Tag Archives: international law

Flag states

Under international law all countries are entitled to maintain a maritime fleet. This includes landlocked countries, i.e. countries without a coast line. Therefore it is possible to register an ocean-going vessel in, for instance, Switzerland. Obviously such ships depend completely on foreign ports.

There is no reason that Space Settlements wouldn’t be allowed to maintain a maritime fleet. Theoretically it would be entirely legal for Space Settlements to open a ship register for terrestrial ships. However, space settlements serving as flag states could be a potential source of controversy. Continue reading Flag states

The Case for Dualism

Among the most important powers sovereign states have is the authority to establish treaties with other states. A treaty is essentially a contract between sovereign states, and as such states are obliged to confirm to the treaties they have agreed upon, or in Latin pacta sunt servandaThough states are bound by their treaties, the legal effect of treaties on the citizens of a state is much less clear.

There are basically two systems of how treaties interact with national law: monism and dualism. In countries which use a monist system, treaties become part of domestic law immediately after a treaty has been ratified by that state, this is called direct effect. On the other hand in dualist countries, a treaty has to be translated into domestic law before it can be invoked by or used against citizens.

States have the freedom to choose which system they will use, and usually this is determined by the national constitution. The question which now arises, is whether Space Settlements should choose either monism or dualism. In this post we will argue in favour of dualism.

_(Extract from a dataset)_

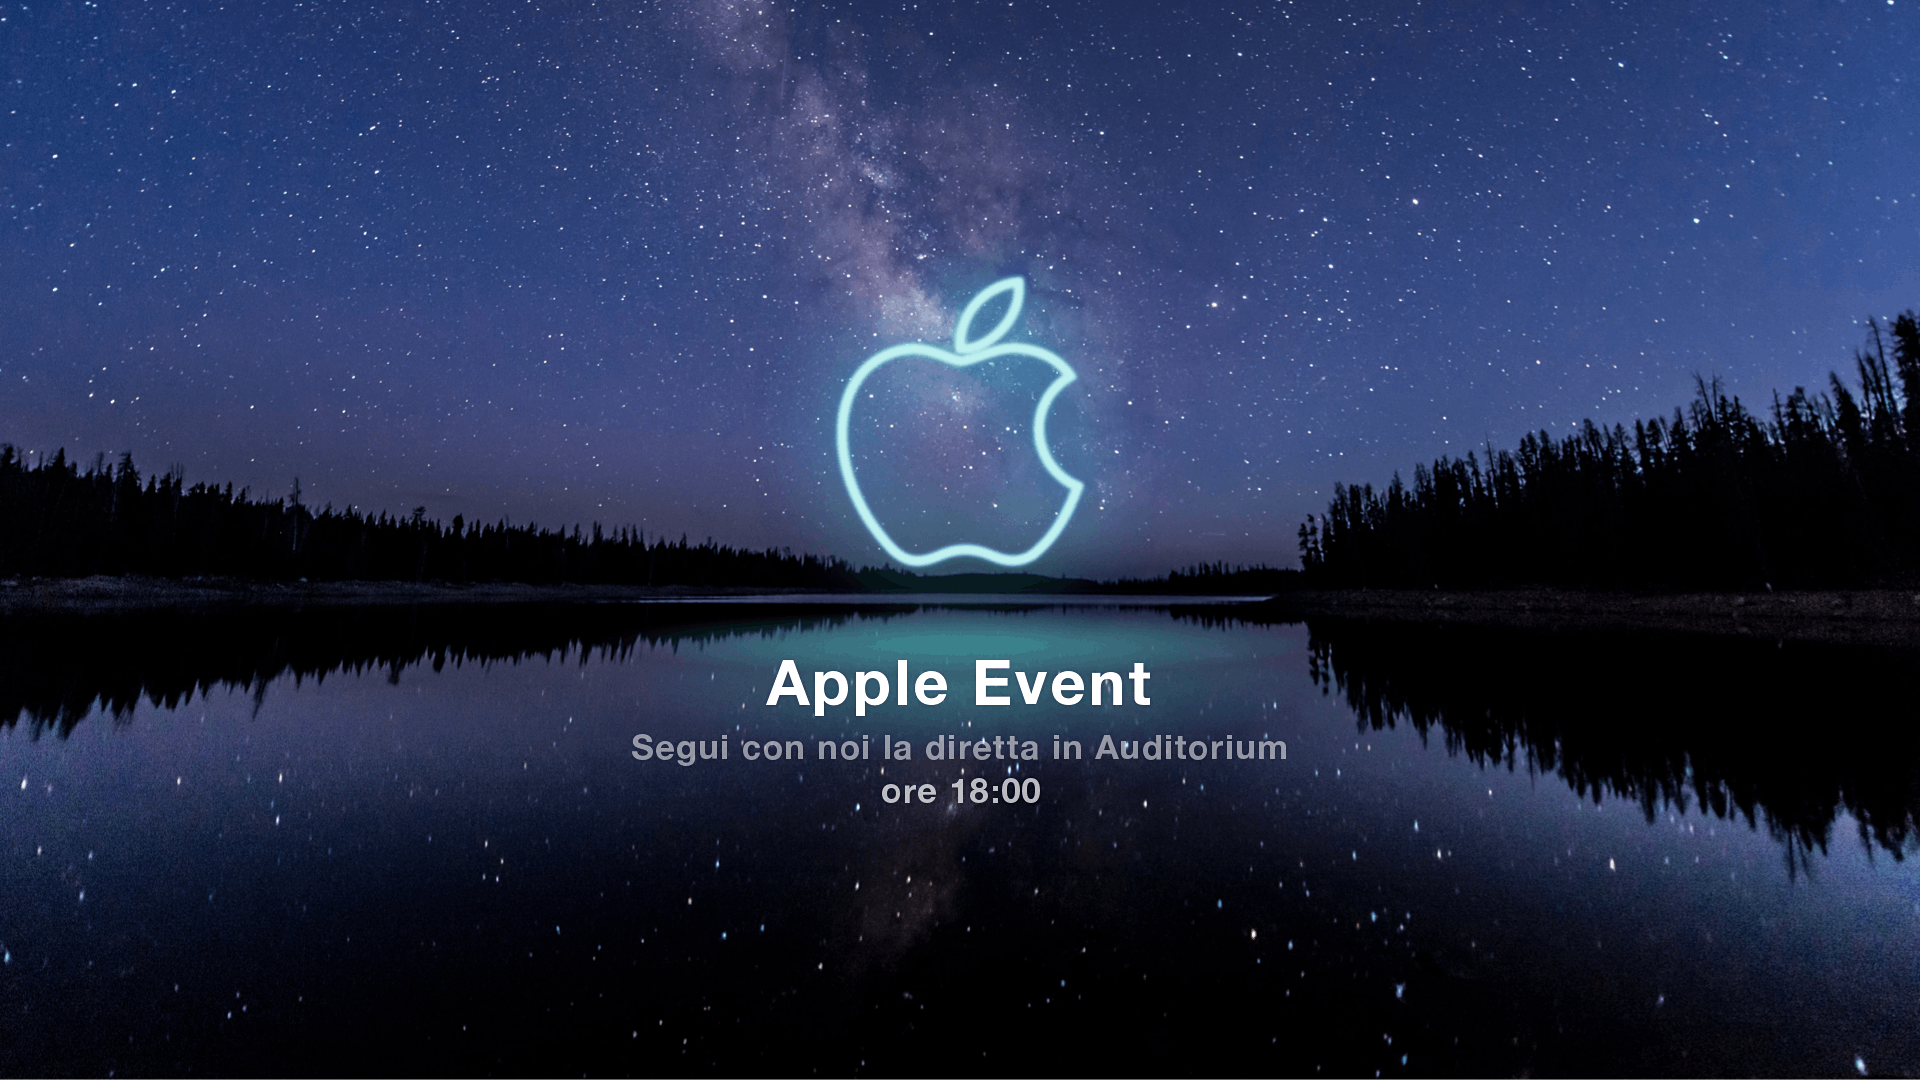 California streaming - Apple event

In many nominally democratic countries which use the monist system, governments repeatedly use treaties to circumvent domestic democratic procedures. This because international treaties prevail above domestic laws, and because negotiating treaties is usually a prerogative of the executive and hence the legislature can only vote for or against the ratification of the resultant treaty. It’s quite clear that this leaves room for abuse.

Too often governments include clauses in treaties, of which they later claim were “forced” to accept such clauses. Given the secrecy in which such negotiations take place, it’s often impossible for legislatures and citizens impossible to check such claims. This creates opportunity for governments to push unpopular measures.

Though dualist countries could use the same strategy, but it would less effective since treaties in these countries cannot be enforced in courts unless translated into domestic law. Further the translation process has to follow ordinary legislative procedures, gives a greater role for legislatures, courts and citizens. Consequently governments are less able to use treaties as scapegoats.

A second benefit of dualism is that enhances the negotiating position of the nation’s government. When other governments propose an unfavorable clause, the government can simply state that such clause would not make it into domestic law. The other governments would not be likely to face such a failure, and are most likely to either drop the clause altogether or to soften it.

In line with our preference for a generally non-interventionist foreign policy, we recommend that Space Settlements should be reserved to make treaties in the first place, and to strengthen their independence they should implement a dualist system.